“Inner Peace Meets Outer Peace” Showcases Students’ Poetic Prowess
November 11, 2011
On Nov. 6, a group of 30 or 40 students and faculty gathered at the Cat in the Cream to hear Oberlin’s finest do some poetic slamming at “Inner Peace Meets Outer Peace,” an event hosted by Active Minds at Oberlin and the Oberlin Peace Activists League. I sat next to College junior Aviva Maslow at a table in the Cat, and I think it is fair to consider her representative of the average audience member, if slightly more bright-eyed. Like other students in this small crowd, Maslow said she was there to support a friend, College junior and Review Arts Editor Abby Hawkins, who performed third. She declined further questions, saying, “This is about Abby, not me.” Fair enough.

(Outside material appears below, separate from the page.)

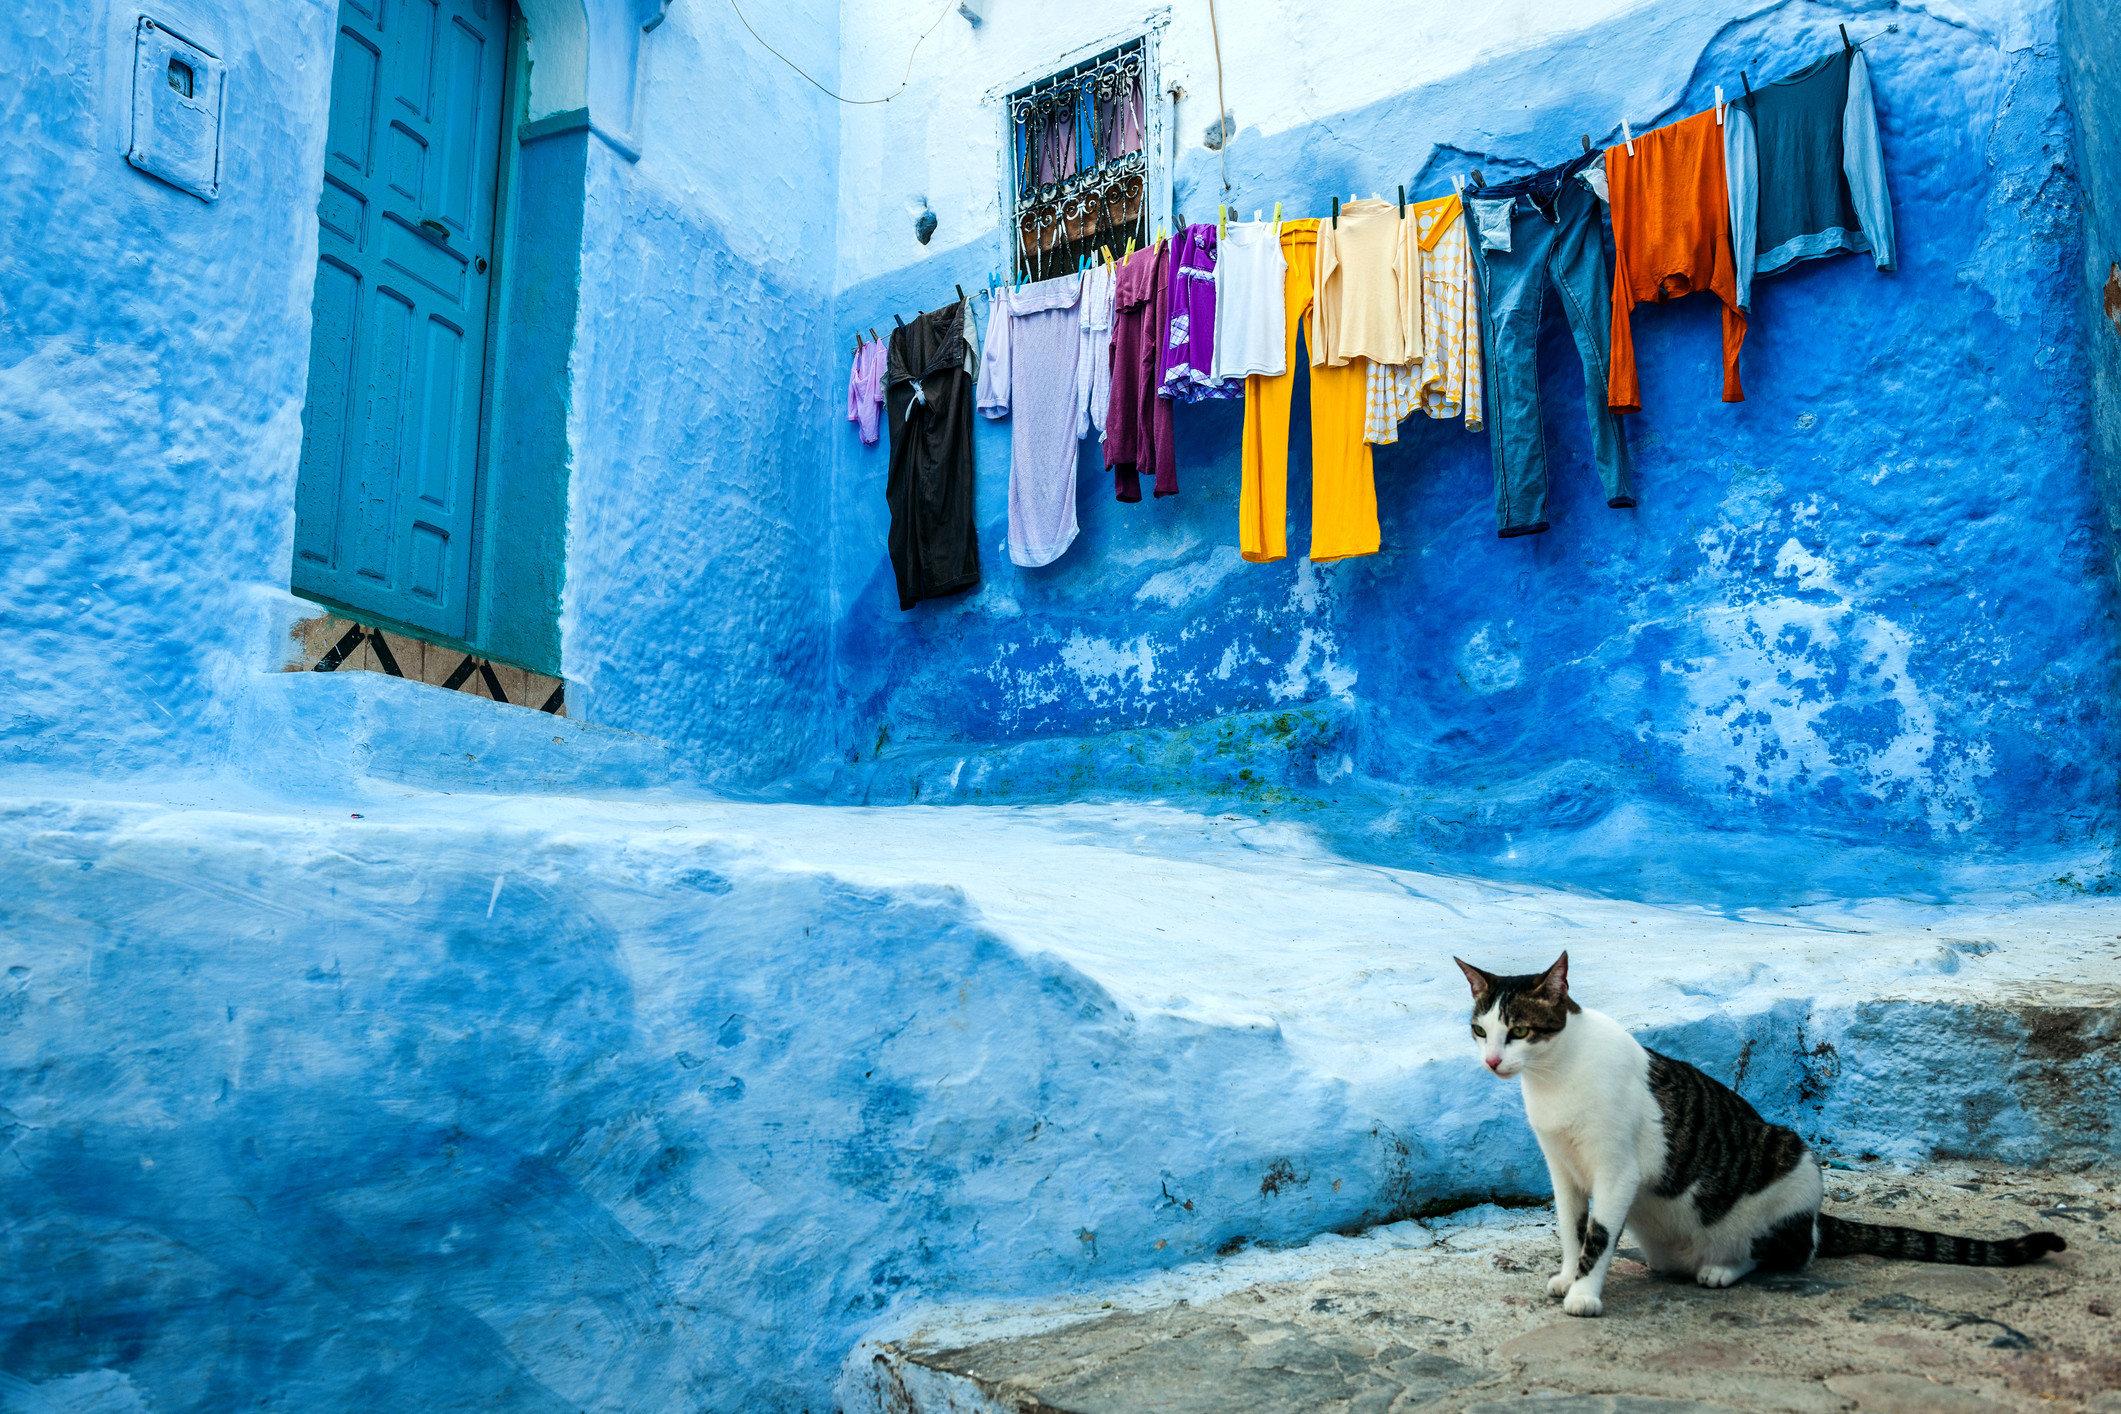 Offbeat Trip Ideas color blue Winter snapshot indoor water season vacation Sea snow ice colored

College senior and campus slam poetry aficionado Ryan Magiera kicked off the night’s student performances, pushing audience members to the edges of their seats with a powerful poem about perfection through the lens of playing basketball. Hawkins’s three poems were very good, and her third brought the house down — that being a lot of appreciative snapping and “mm hmms!” from enthusiastic audience members. But her second poem, which was an ode to her childhood and the siblings she never had, was so colorful, sincere and beautifully read that by the end she had effectively breathed the absent brother and sister into real, heart-pumping existence.
Hawkins was not alone in her inventive words and nimble delivery. College sophomore Zoe Gould read a poem-story about youth and God and her mother, whom she depicted (at one moment) as “spitting guilt through the cracks in her lips.” Almost all of the poets shared a common theme: the identity crisis that so relentlessly hounds adolescents as they struggle to figure out just who they are. Gould’s character remembered asking “What can I do and who can I be?” Hawkins talked about “cookie-cutter girls” who “are not free” and “cannot dream.”
College junior Taylor Johnson, whom I have decided to dub “The Golden Persona” — though I’m sure she has many infinitely better nicknames — then stepped on stage after some negotiation and held court with a few minutes of unadulterated complaint and on-the-spot banter before she even read a line. Nobody seemed to mind. Her poetry, too, was occupied with being young and being young and in love. She cooed, “You are my favorite kind of too much,” then proceeded to rhapsodize blinding lines of verse which ran out the clock on their allotted meter when the imaginary beat dropped, but danced insistently along without breaking tempo.
The special guest of the evening was spoken-word artist Zain Shamoon, hailing from Michigan State University, who went on last and specialized in socio-political commentary wrapped in hip-hop clothing. In spite of some extraordinary beat-boxing skills, Mr. Shamoon seemed to be missing something. He mentioned somewhere along the line that slam poetry was something he did for himself — you know, to exorcise the monster. That’s all well and good, but it doesn’t guarantee your audience will share the enthusiasm. Every one of the Oberlin poets blew me away because of their elegant commitment to meaning and aesthetics. I wish Mr. Shamoon would spend more time doing art for art’s sake and a little less time preaching social change to the Oberlin choir.